Gavin Grover's GROOVY Wikiblog

See later entries

4 May 2014

2048 volumes of GroovyCode

When extending Unicode's upper codepoint limit from U+10_FFFF back up to U+7FFF_FFFF, we need to introduce a new term: volume. A volume is 16 planes, so whereas presently there's only 1 volume and 1 plane, GroovyCode will have 2048 volumes, from 0x0 to 0x7FF. We'll also introduce new notation V+xxx to reference volumes and P+xxxx to reference planes, both in hexadecimal. We've previously seen how we can represent the CJK Unihan ideographs using the same formulaic method already used to represent Korean Hangul since Unicode 2.0, but doing it recursively, and generate 2 billion possible ideographs. Let's look at other possible uses of the newly available 2047 volumes in GroovyCode...

Volume V+000 (i.e. U+0x_xxxx) is the Unicode-controlled volume (UCV), consisting of the 16 planes from P+0000 to P+000F. The top half of P+000F will change from its present Private Use to High Ultra-surrogates. The Unicode Consortium will control use of this volume as at present. Already they've given names to 6 of its planes: 0 is BMP, 1 is SMP, 2 is SIP, 3 is TIP, 0xE is SSP, and 0xF is PUP. Each V+000 plane will continue to have the final 2 codepoints be nonchars as they are presently, however subsequent planes (P+0010 and higher) won't so it'll be easier to formulaicly generate characters into blocks spanning more than one plane.

Volume V+001 (i.e. U+1x_xxxx) will be the Private-use volume (PUV), consisting of the further 16 planes representable by 4 bytes in UTF-8-extended. P+0010 will have a dual use as both Low Ultra-surrogates, as well as Private use as at present. Developers would normally use P+0010 (rather than P+000F or the BMP block) for their initial private-use characters, so they can defer deciding whether to encode using the 2048-volume GroovyCode or the presently crippled 1.0625-volume Unicode UTF-8, until they know how many private-use characters they need.

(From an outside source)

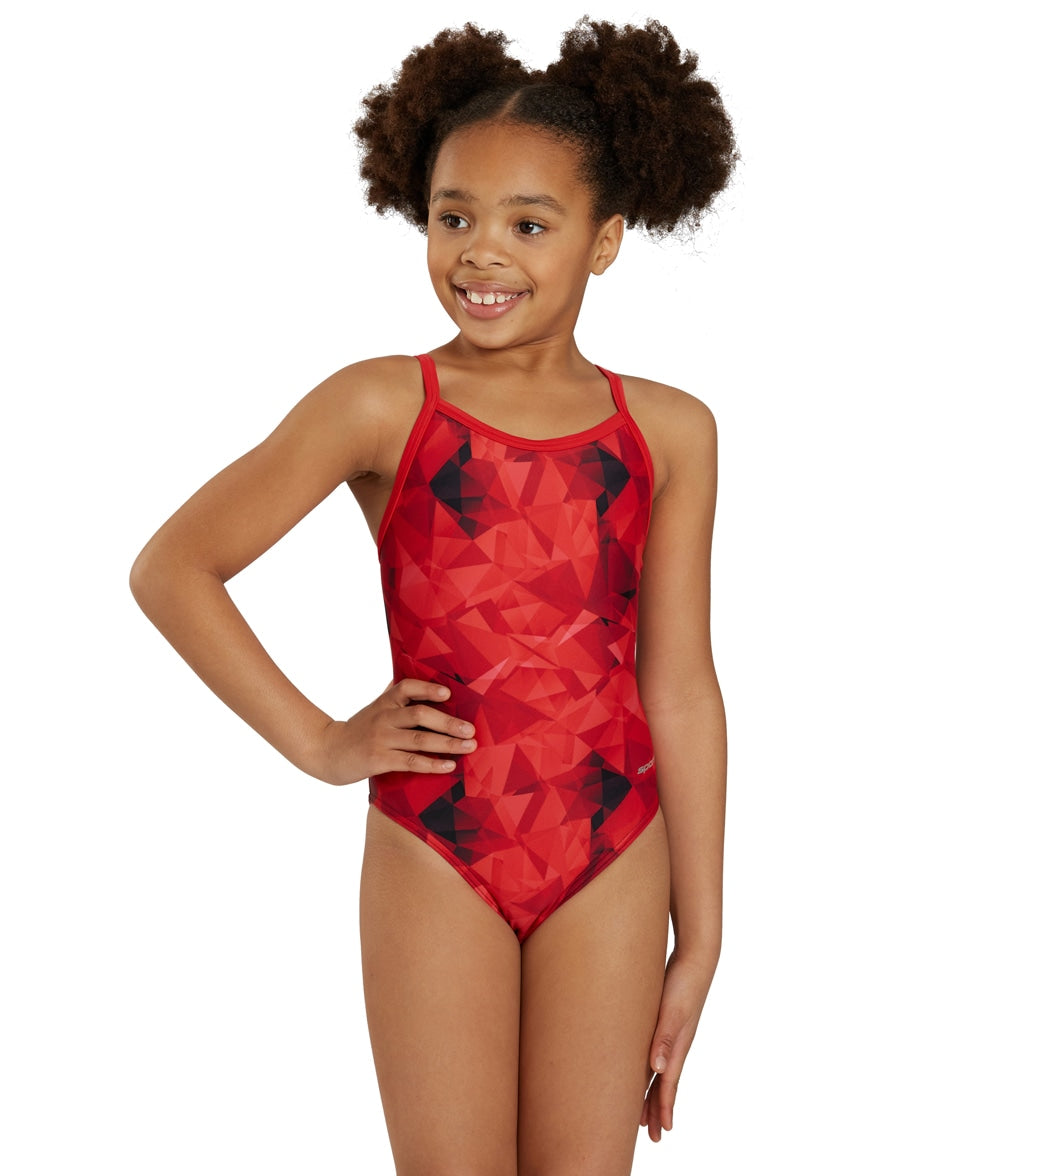 Sporti Fractalicious Thin Strap One Piece Swimsuit Youth (22 - 28)
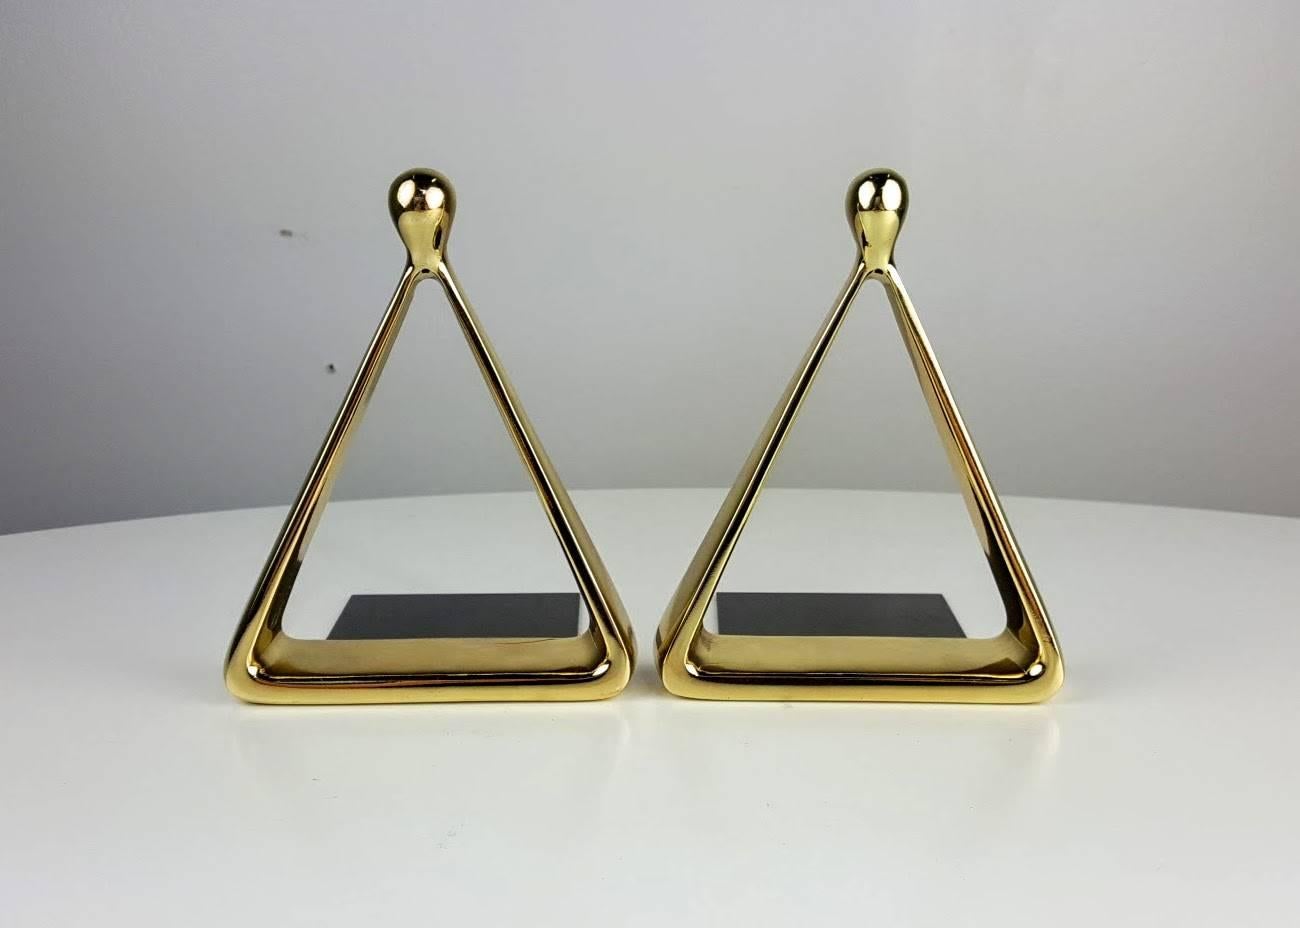 American Pristine Pair of Brass Stirrup Bookends by Ben Seibel for Jenfred Ware, 1950s

Volumes V+002 to V+03F (doubling 5 more times!) gives the 62 planes representable by 5 bytes in UTF-8-extended. V+002 could be the Japanese emoji volume (JEV). Simply give it to a consortium of Japanese telecom businesses (NTT,etc) to manage: it might even sway them into switching en mass from Shift-JIS to Unicode/GroovyCode.

V+003 could be the Basic syllabic volume (BSV). Korean Hangul gets over 10,000 codepoints in the UCV/BMP (15%) to represent its syllables, and Chinese Hanzi and Japanese Kanji, which are joint syllabic/ideograph, together get 26,000 in the BMP (40%), plus 50,000 more in the UCV/SIP, but alphabetic scripts such as Latin must represent each sound separately. To equal matters up, we can represent syllables in Latin-encoded languages such as English with a single codepoint generated formulaicly.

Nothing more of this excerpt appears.